The article by Jeffrey Silber et al. (2010) in this issue of Health Services Research can contribute to a better understanding of how to improve quality and reduce costs in U.S. health care. They use data on Medicare beneficiaries undergoing major vascular, orthopedic, and general surgical procedures at U.S. acute care hospitals. Their primary results are that when a Dartmouth measure of end-of-life hospital resource use—or as they call it, “aggressiveness”—is higher, 30-day surgical mortality rates and the relative risk of failure to rescue (having a complication and dying) were lower. In other words, hospitals spending more on their chronically ill patients near death also experienced better outcomes among surgical patients.
There is much to admire in the study. The quality of the statistical analysis is very high and they do a commendable job of risk adjustment at the individual level. The failure-to-rescue quality measure is clinically meaningful and well validated. And we certainly approve of their using the Dartmouth end-of-life hospital measures.
Our major concern is that the study's results will be interpreted incorrectly. For example, their finding of a modest positive correlation between end-of-life health care intensity and surgical outcomes could be viewed—wrongly—as meaning that any cuts in health care costs must inevitably lead to worse outcomes, or that these results are somehow inconsistent with those found in earlier Dartmouth research.
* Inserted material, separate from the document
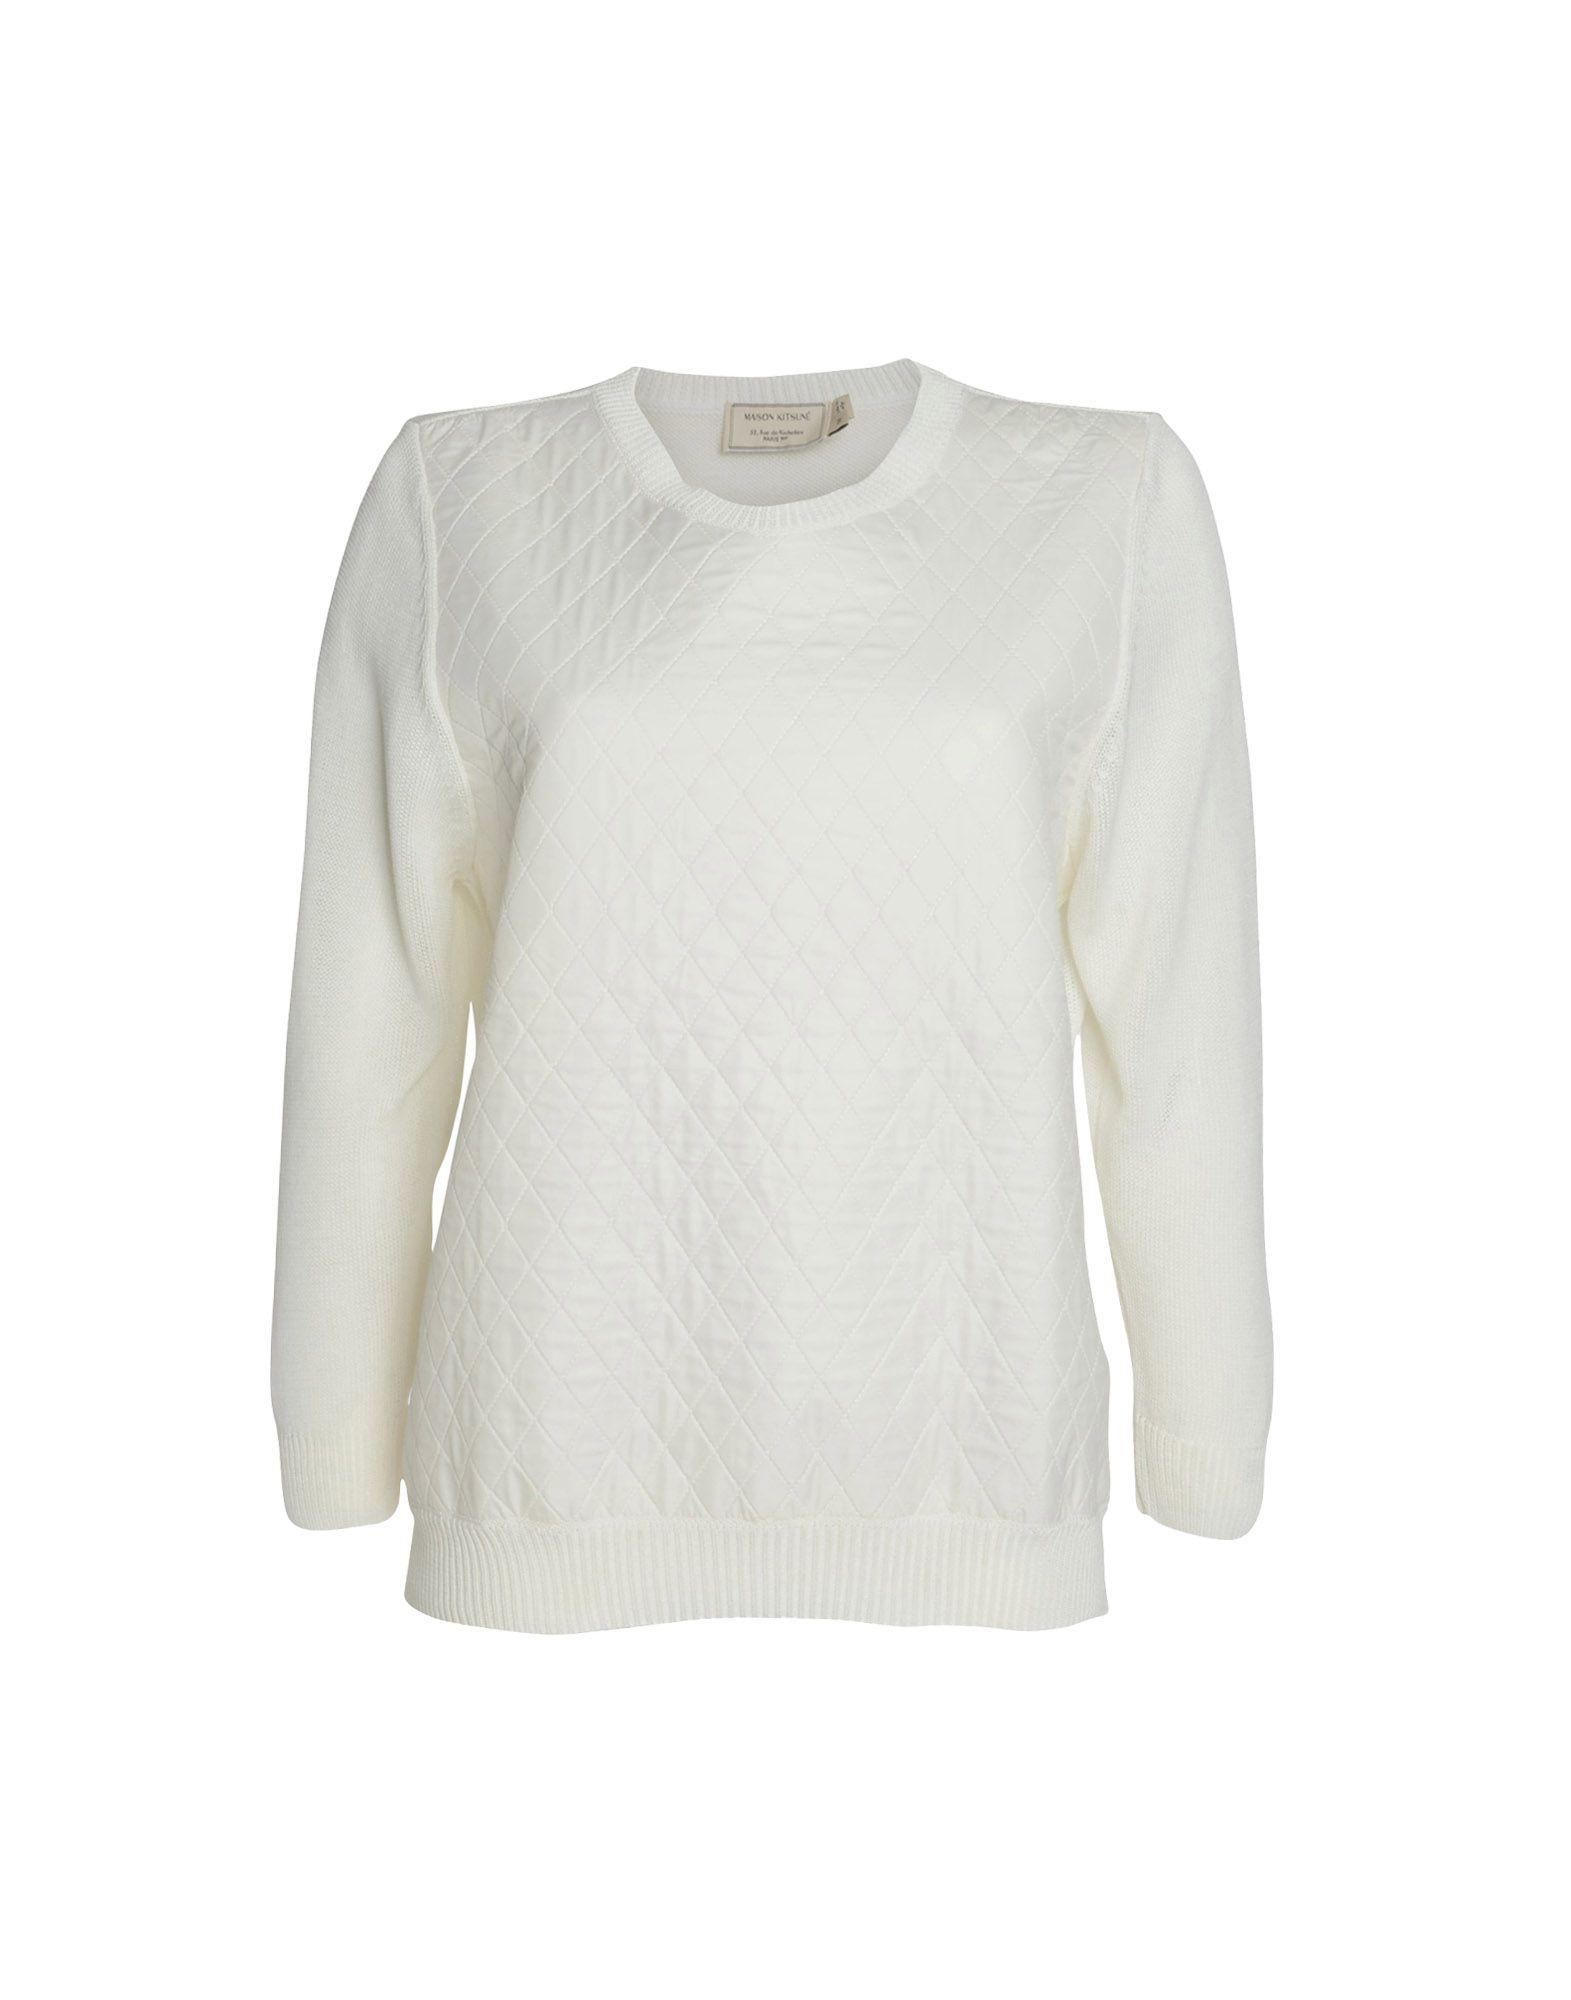 Pullover Maison Kitsuné Donna - Acquista online su QTJux

Instead, the conclusions we draw from this and other studies is (a) it is not how much you spend that is important, but how you spend it; (b) overall spending alone explains remarkably little in health outcomes, implying that most hospitals can cut costs without any loss in quality of care; and (c) there is a tremendous degree of inefficiency, in terms of lost lives and wasted dollars, in the U.S. health care system. We believe that these three messages in turn hold important lessons for designing and implementing real health care reform in the United States.
For many years, the widely held assumption in U.S. health care was that more medical care would lead inexorably to better outcomes. The benefits might be smaller and smaller for each increment of care, but benefits there would be. The public and many policy makers concluded therefore that reductions in utilization would inevitably lead to harm. This belief presented a serious barrier to health care reform and to efforts to slow spending growth. The marked variations in price and illness adjusted per capita spending across U.S. regions (Skinner and Fisher 1997)—and the twofold differences in long-term rates of readmission for patients with conditions such as hip fractures or heart attacks across hospitals (Fisher et al. 1994), provided motivation for research that began to look at the relationship between the quantity of medical care provided overall to similar patients, the quality of care they received, and their health outcomes.
Several early studies, based on data from the mid-1990s, tested a simple null hypothesis—is more always better?—in the Medicare population. The studies rejected this null hypothesis by demonstrating that neither quality nor long-term outcomes were better in higher intensity U.S. regions (Fisher et al. 2003a,b; Skinner, Fisher, and Wennberg 2005;) or in high-intensity compared with low-intensity academic medical centers (Fisher et al. 2004). Nor did regions with greater growth in spending for patients with acute myocardial infarction experience better improvement in survival than in those with slower growth in spending (Skinner, Staiger, and Fischer 2006).
Higher end-of-life intensity was largely explained by differences in the use of the hospital as a site of care (those in the highest intensity regions spent over 60 percent more time in the hospital than those in the lowest spending regions, after adjusting for case mix) and in the use of specialists, imaging services, and diagnostic tests. These studies suggested that there was at least the potential for reducing costs within the U.S. health care system—largely through reductions in the use of the hospital as a site of care.
While important at the time, this hypothesis is too simplistic. Studies comparing costs and outcomes of health care systems cannot capture the causal pathways observed in clinical trials that examine the (sometimes) beneficial effects of specific interventions. Not surprisingly, other observational studies have found settings where spending for specific clinical treatments appears to be associated with better outcomes—whether β-blockers, aspirin, and reperfusion for heart attack patients (Skinner and Staiger 2009), higher intensity care for ICU patients in Pennsylvania (Barnato et al. 2010), a greater supply of neonatologists in regions with low supply (Goodman et al. 2002), or intensive care for tourists admitted to emergency rooms in Florida (Doyle 2010). These studies point to plausible clinical mechanisms by which more spending could yield benefit—for example, the greater use of ICUs, mechanical ventilation, hemodialysis, tracheostomy, and feeding tubes in the Barnato study, or the value of diagnostic and treatment intensity for tourists about whom little is known, as in the Doyle study.
How can these studies be reconciled? It is not simply whether more spending is worse (or less spending is better). Nor (as Silber and colleagues appear to suggest) will cutting back on costs necessarily lead to worse outcomes. Instead, overall health outcomes depend on how the money is spent (Weinstein and Skinner 2010).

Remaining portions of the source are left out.